2010-01-22

Departure

Written over a matter of some days, starting 18th of January

Two weeks left. Roughly. Actually, more like one week left.



I think back now, or begin to look at things, memories, in India, because Nino is leaving and everything last week, circled around this, preparing for her departure with tickets and taxis and preparing for coming back and setting up "a life" again, applying to universities and figuring out where to live, and now as she's scrambled around all afternoon into the dark of the evening in order to pack her rucksack, I too feel as if something is coming to an end for me as well. I start thinking about my own departure, the rough 30 hour train ride awaiting me, from Pondicherry to Mumbai, coming back to Hotel Moti, Colaba Causeway, where everything began in the shadow of Hotel Taj, on the dirty streets and the roads filled with cars driving as if fighting a battle for life and death with soundhorns and swearing in hindi and marathi.


Home sweet oddly tidy home. (YES this is tidy. Nino has packed all her things.)

I think about the other journeys I've made, bouncing inside cars on muddy roads, being brought all the way from rural Nilakkottai to central Madurai by a guy whose name I never grasped, traffic all around us, waiting for my bus till midnight and being dragged from the waiting room into a bus filled with men, not knowing where I was going until the busdriver shouted at me to get off and I somehow manage to find the right bus at the new station and spend a freezing night by an open window, the bus honking till your ears bleed, Bollywood music thumping throughout the night, suddenly time to get off, train station, impossible to find the train because I can't READ MALAYALAM script, finally found a guard, found my train, cup of chai, arrival. Next time, wrong train, waiting for hours and the station in the middle of the night, Indian men staring ominously at my lonely character that confuses them so with my black hair big eyes but to them oddly light skin. Indian families squat all over the platform as we wait, one hour, two hours, pitchblack, bad english being spoken on the speakers and something else that sounds like japanese.

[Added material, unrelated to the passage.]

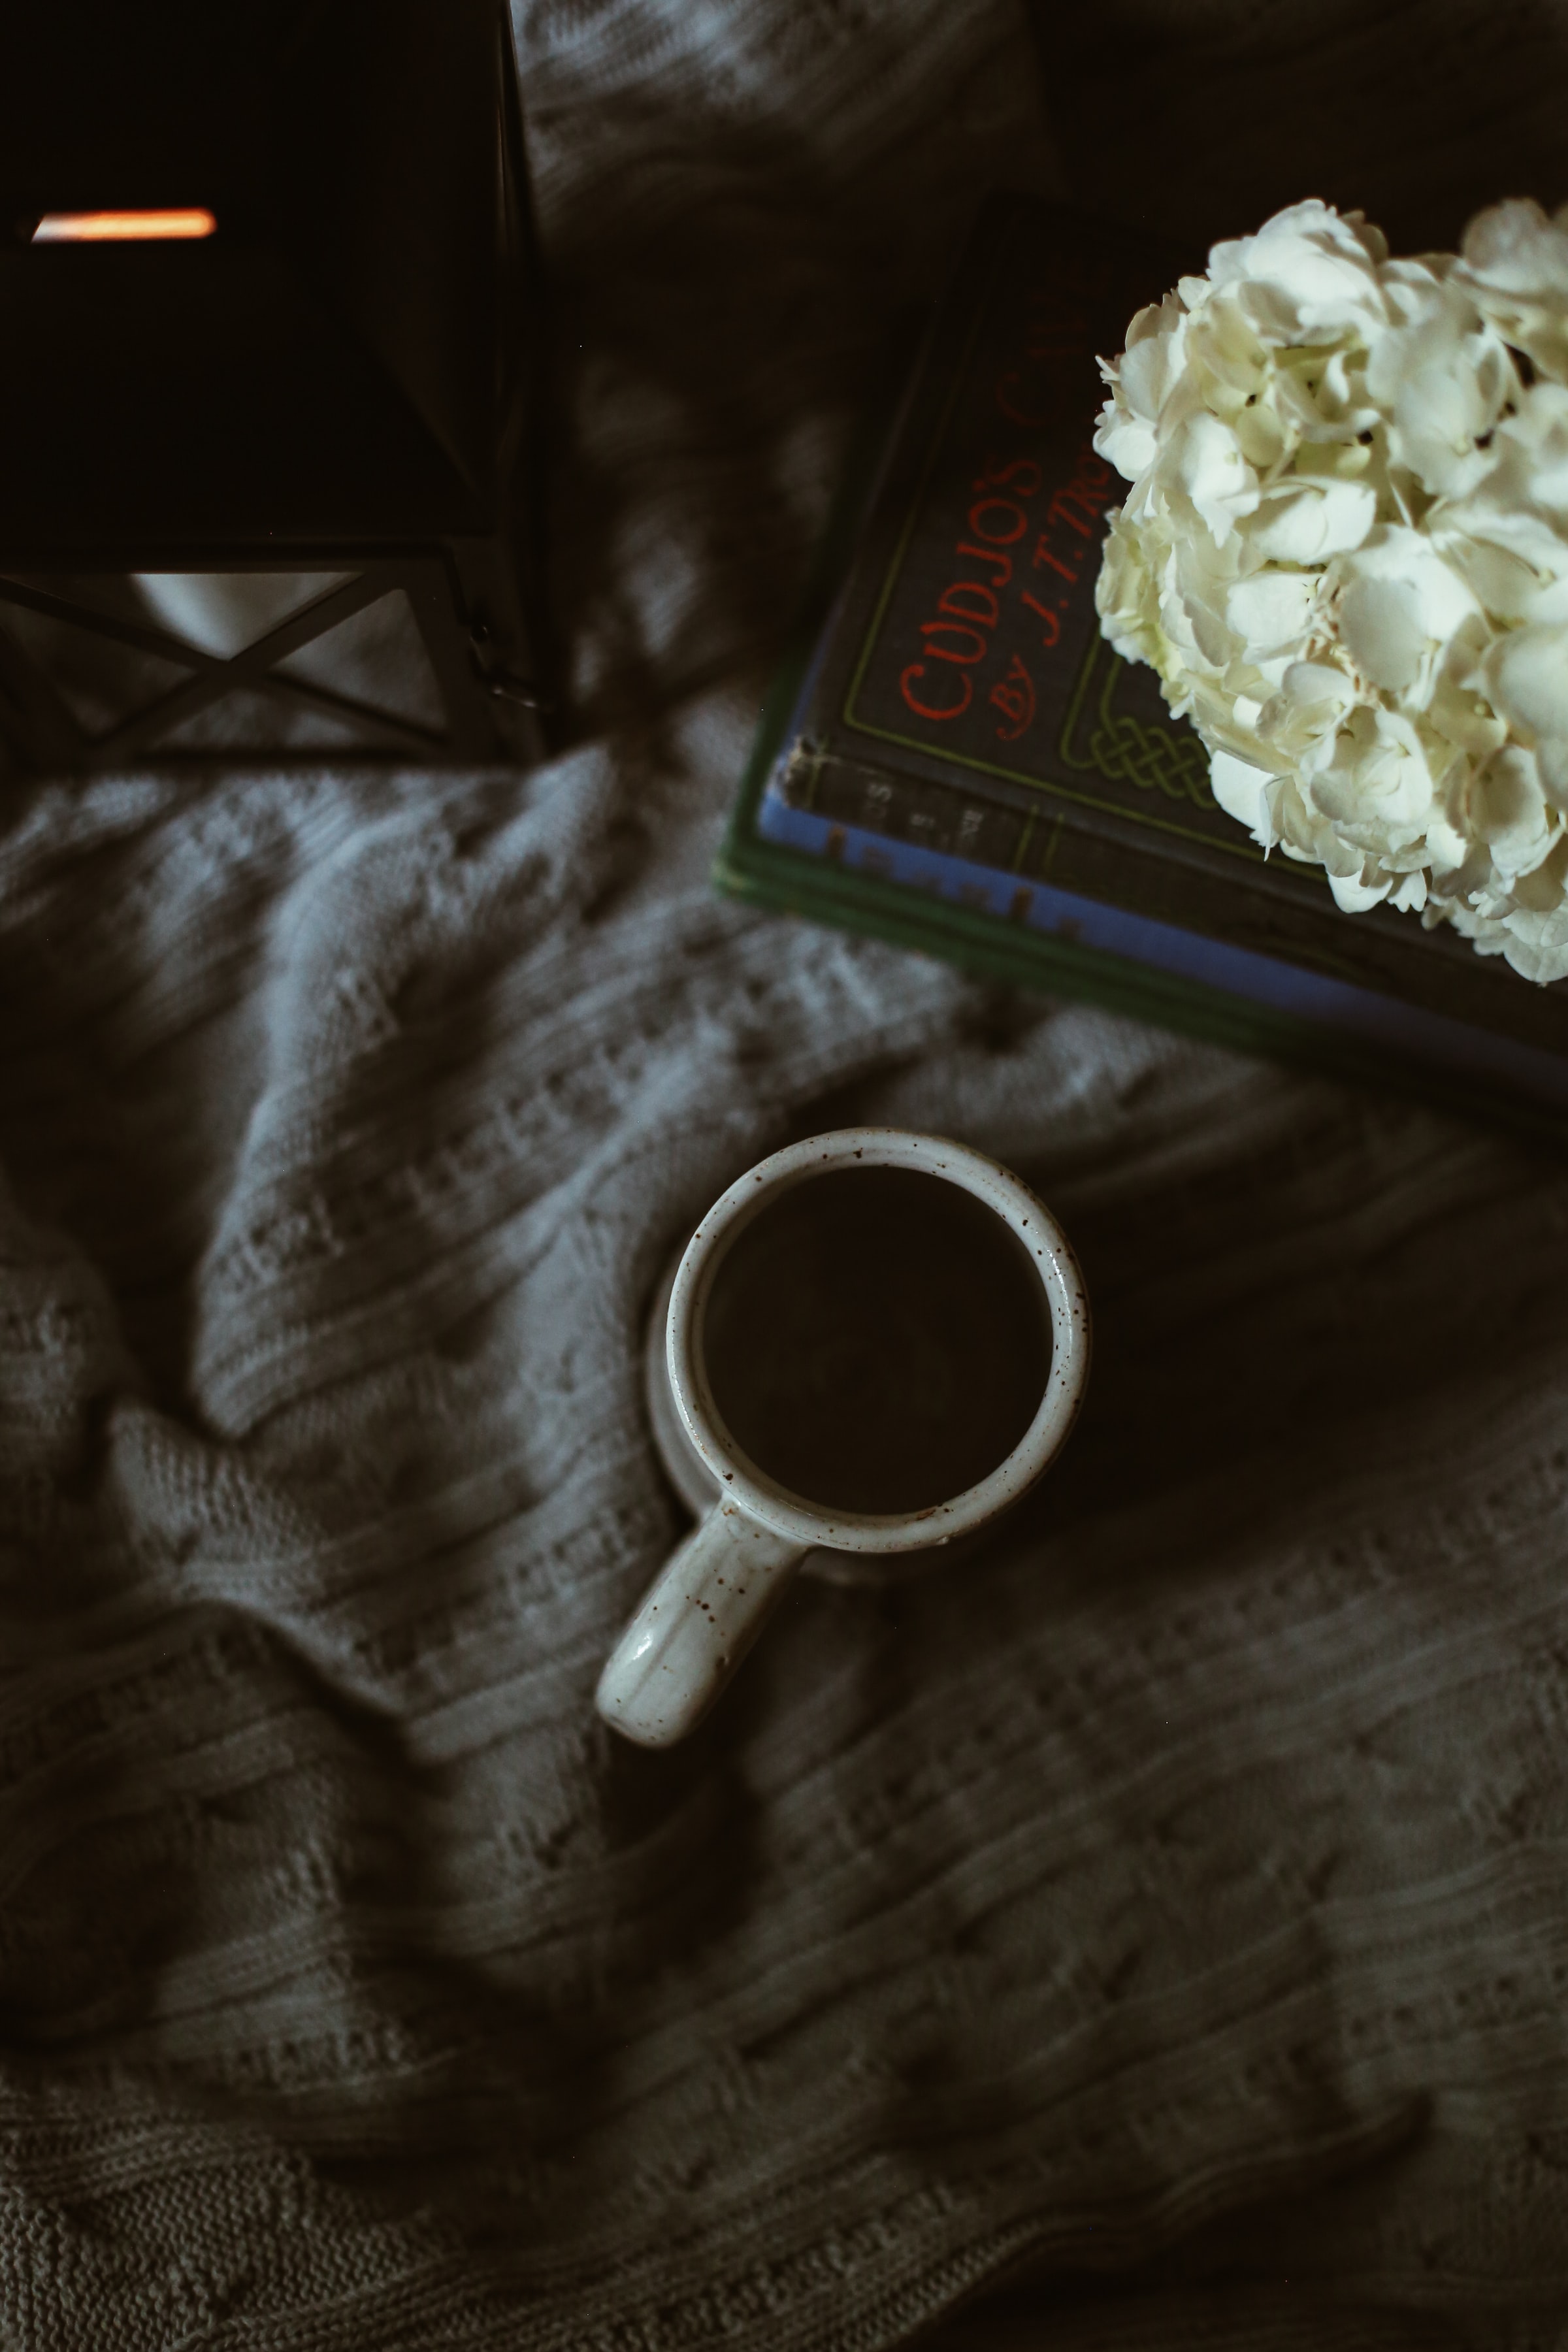 flowers, coffee, miscellanea, miscellaneous, cup, cloth, book Panoramic Wallpaper

Train arrival, shit I'm the only woman in my compartment, scrambling up to the upper birth and travelling through time and space, not knowing when or where to get off. Black train filled with snoring and the many different scents of food and spices.

Madurai has the best train station ever. Digital signs announce the train both in Tamil and English as well as the wagon numbers as well so that one can start queuing up for your wagon as opposed to just standing all over the place.


So with Nino gone, here I am. David has gone to Bangalore due to the amount of Indian men wanting to beat him up, but I'm not much concerned. AV Security is on the case.